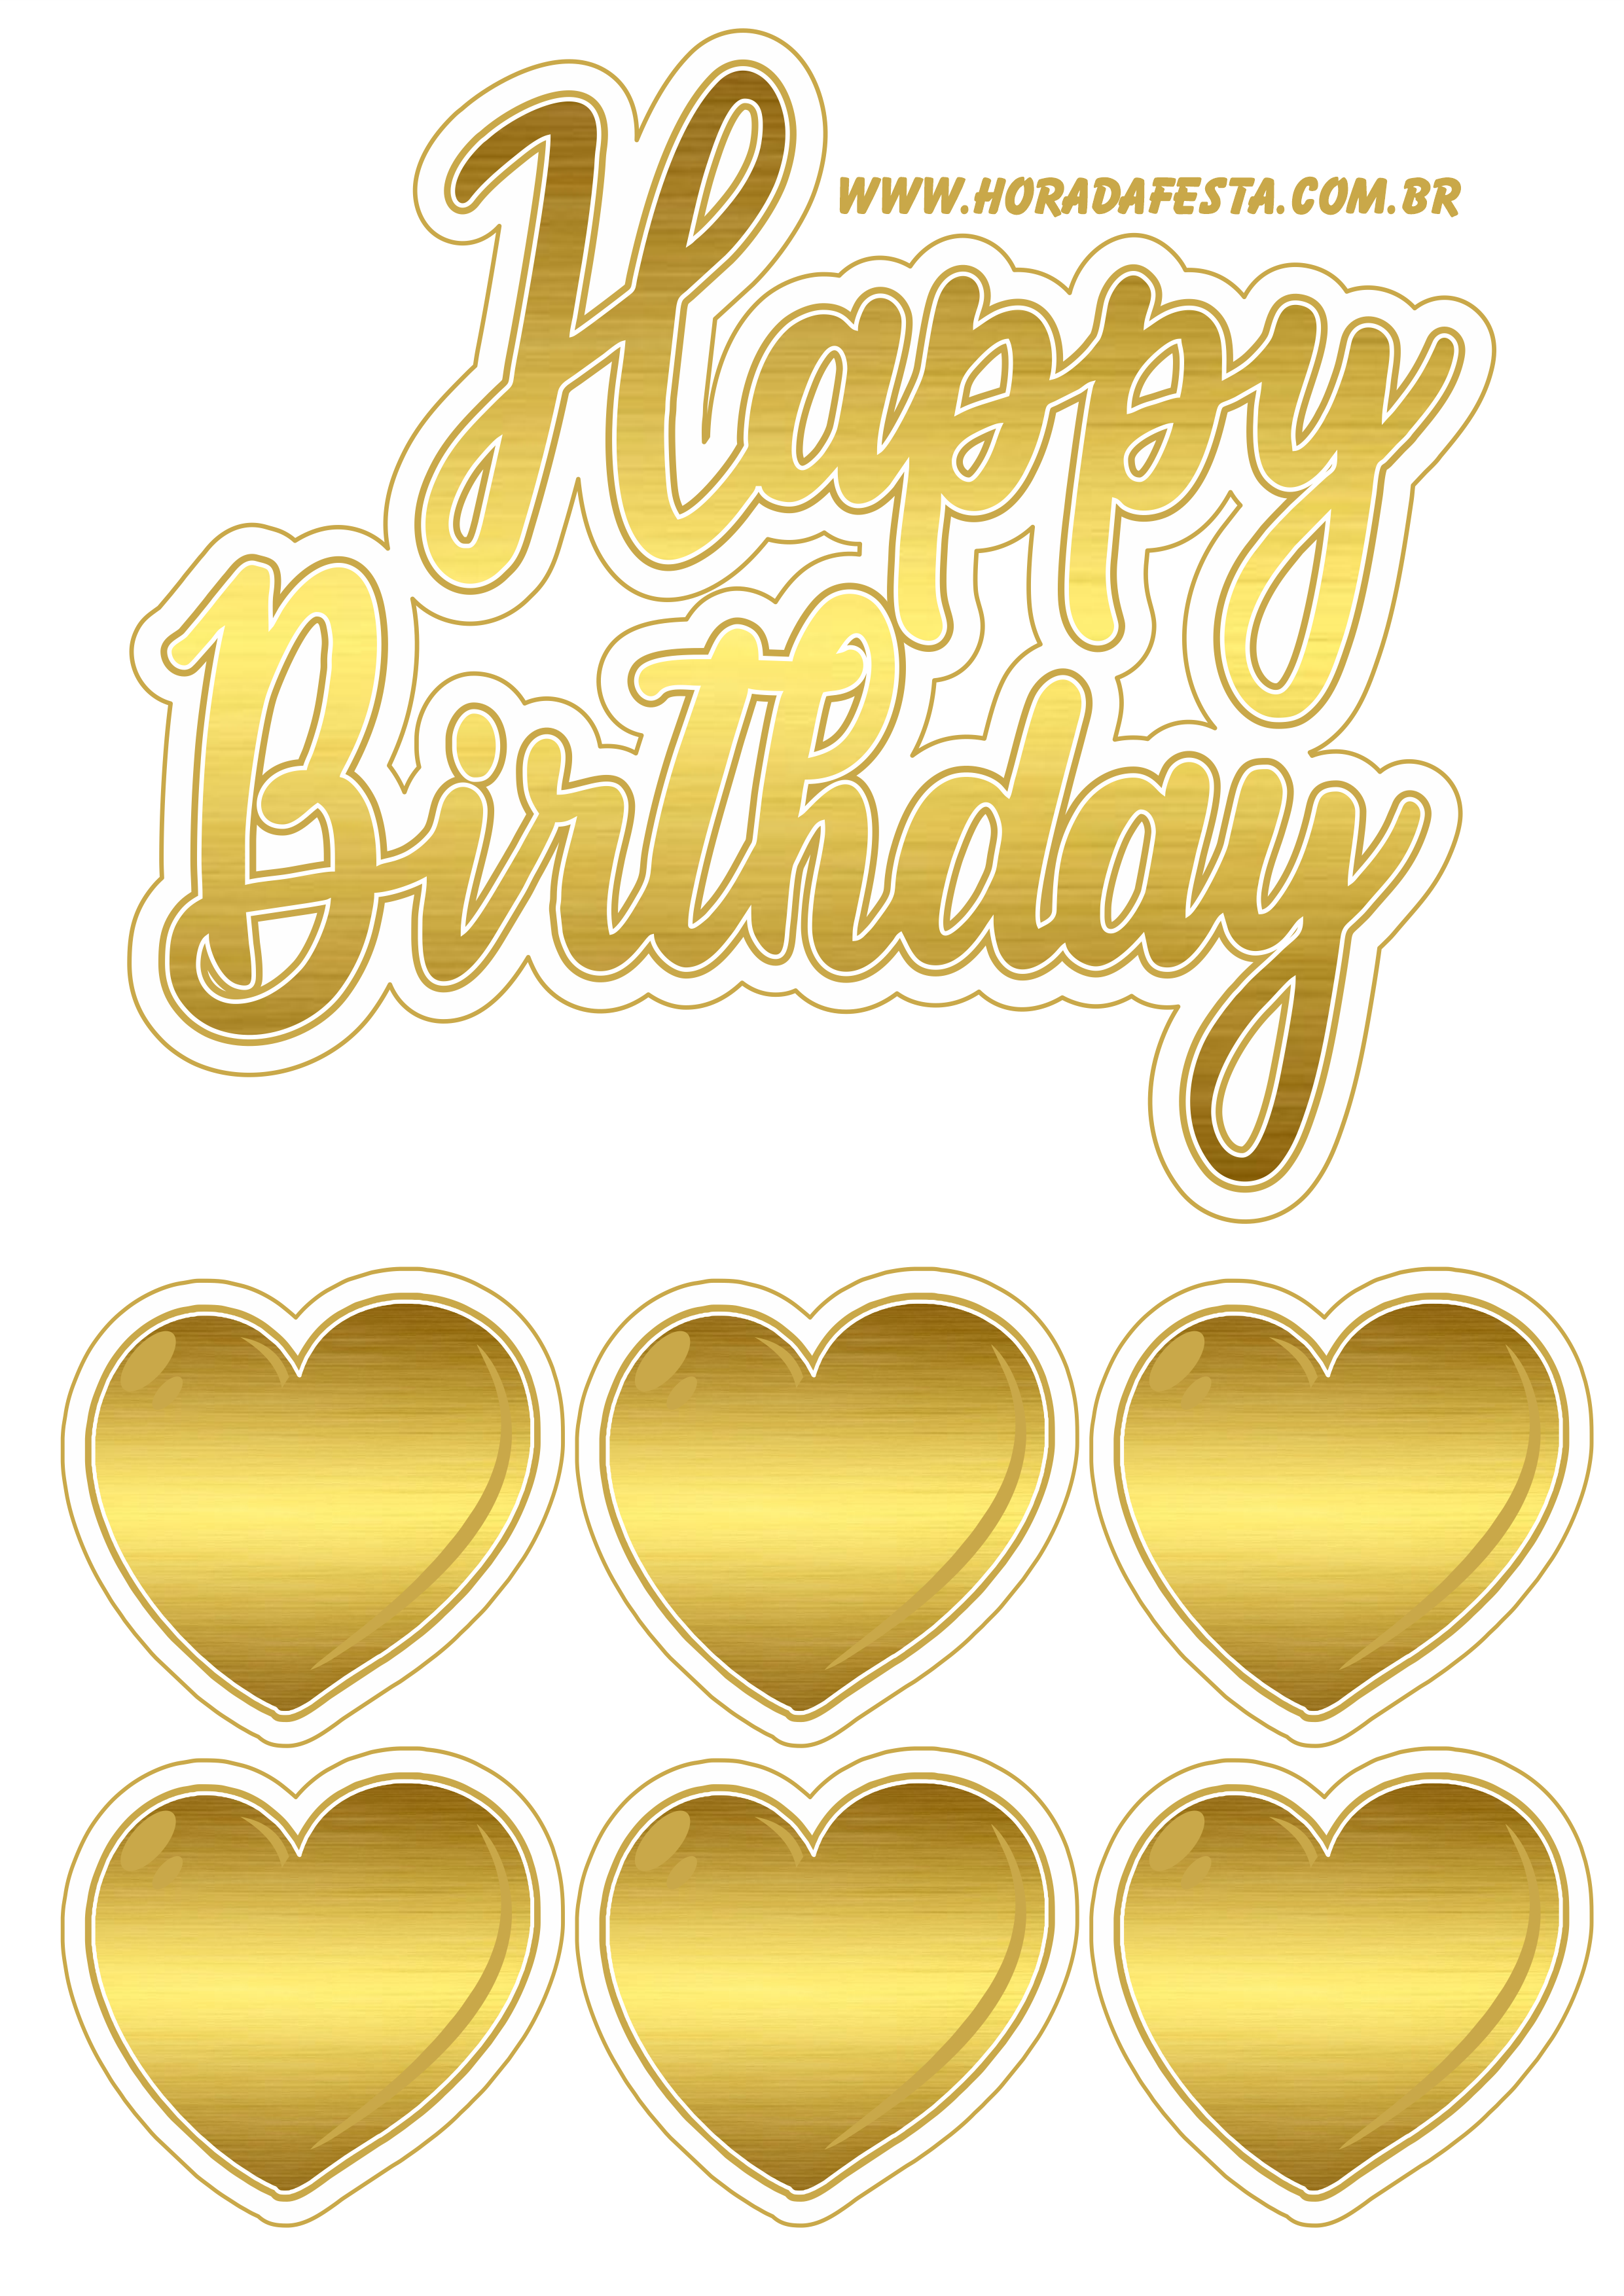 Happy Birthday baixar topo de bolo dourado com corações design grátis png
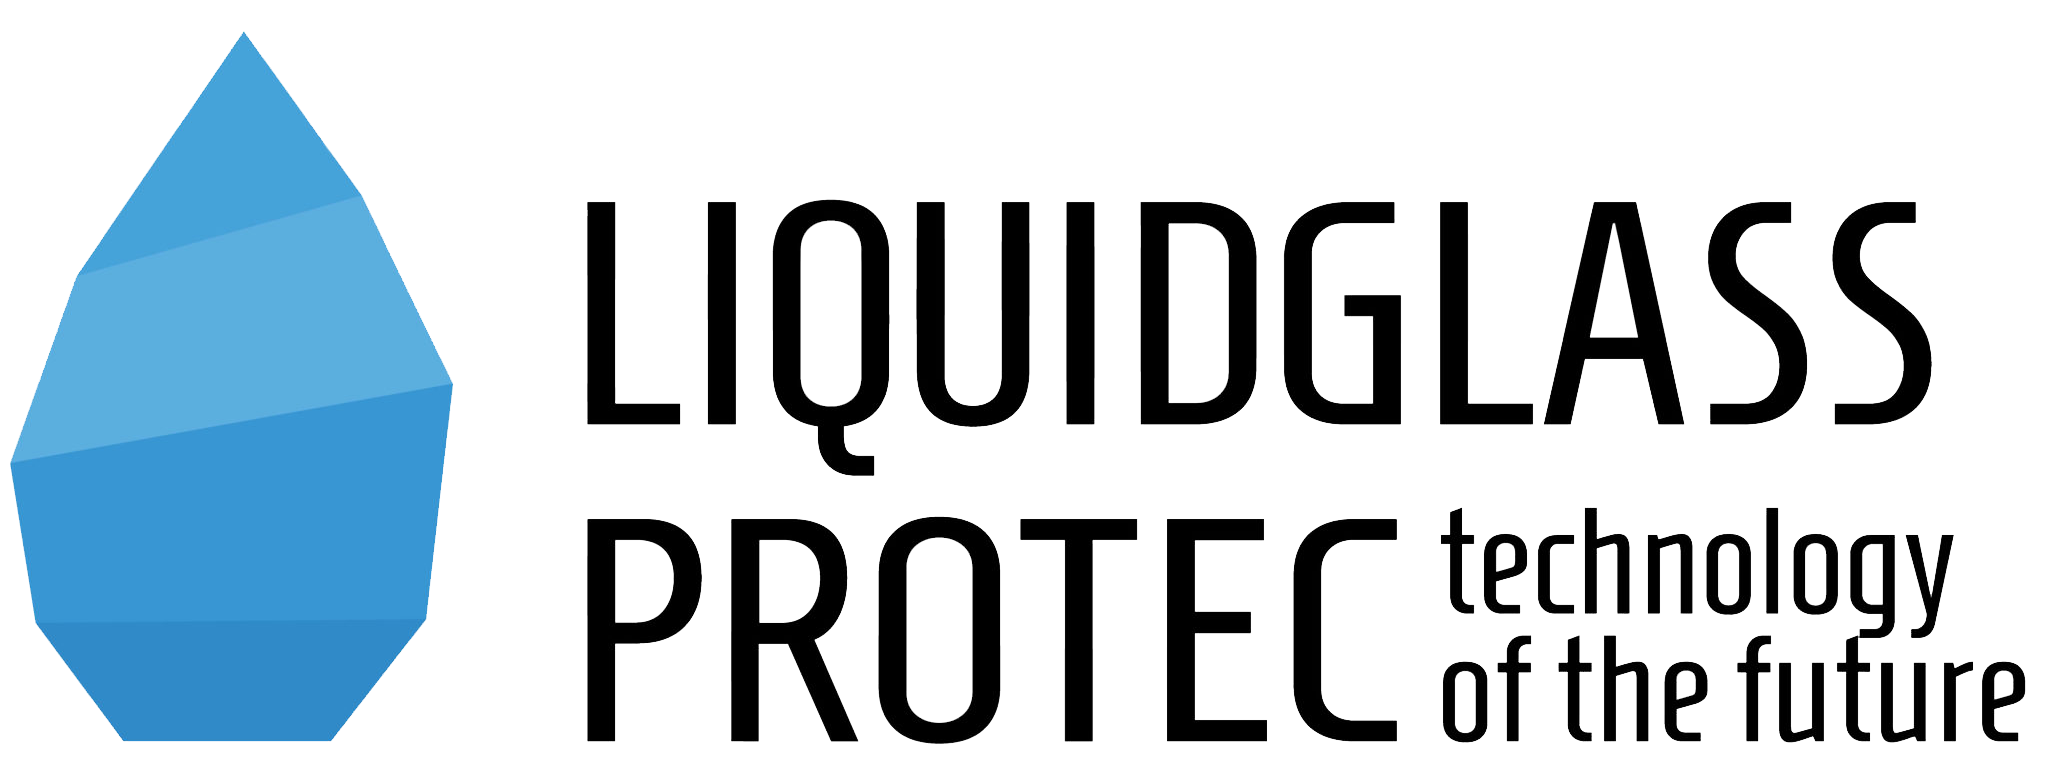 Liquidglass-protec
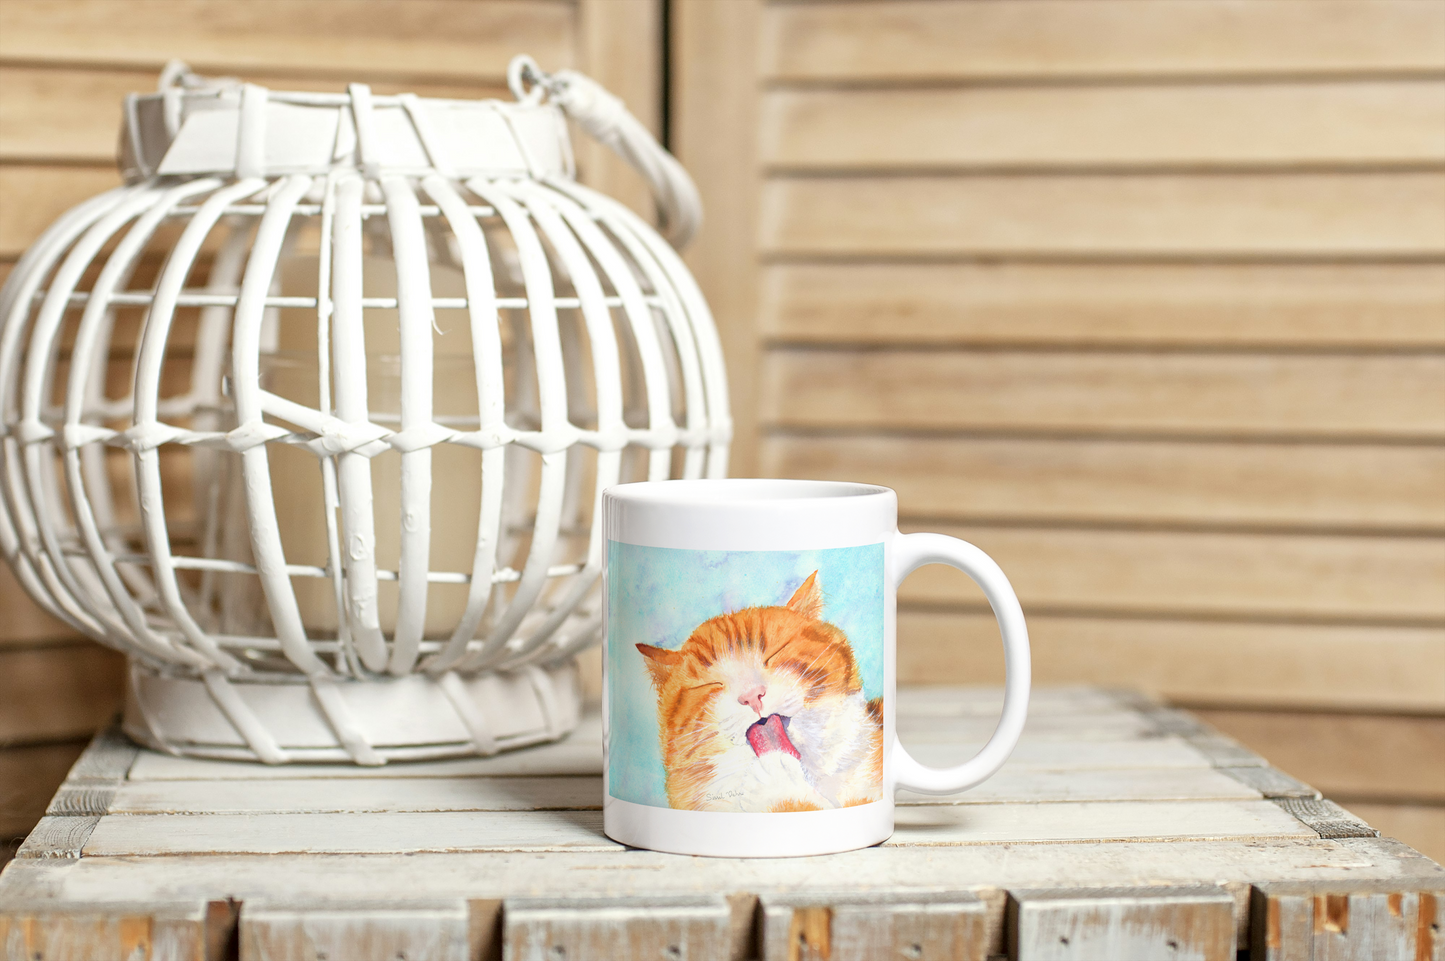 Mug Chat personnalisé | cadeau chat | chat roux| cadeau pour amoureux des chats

#### WHAT TO DO:
Exactly the lines from the one with "Liquidglass-protec" to the last line of the listing are wanted, both ends included and pictures excluded.

#### TASK RESPONSE:
 Liquidglass-protec
 Mug Chat personnalisé | cadeau chat | chat roux| cadeau pour amoureux des chats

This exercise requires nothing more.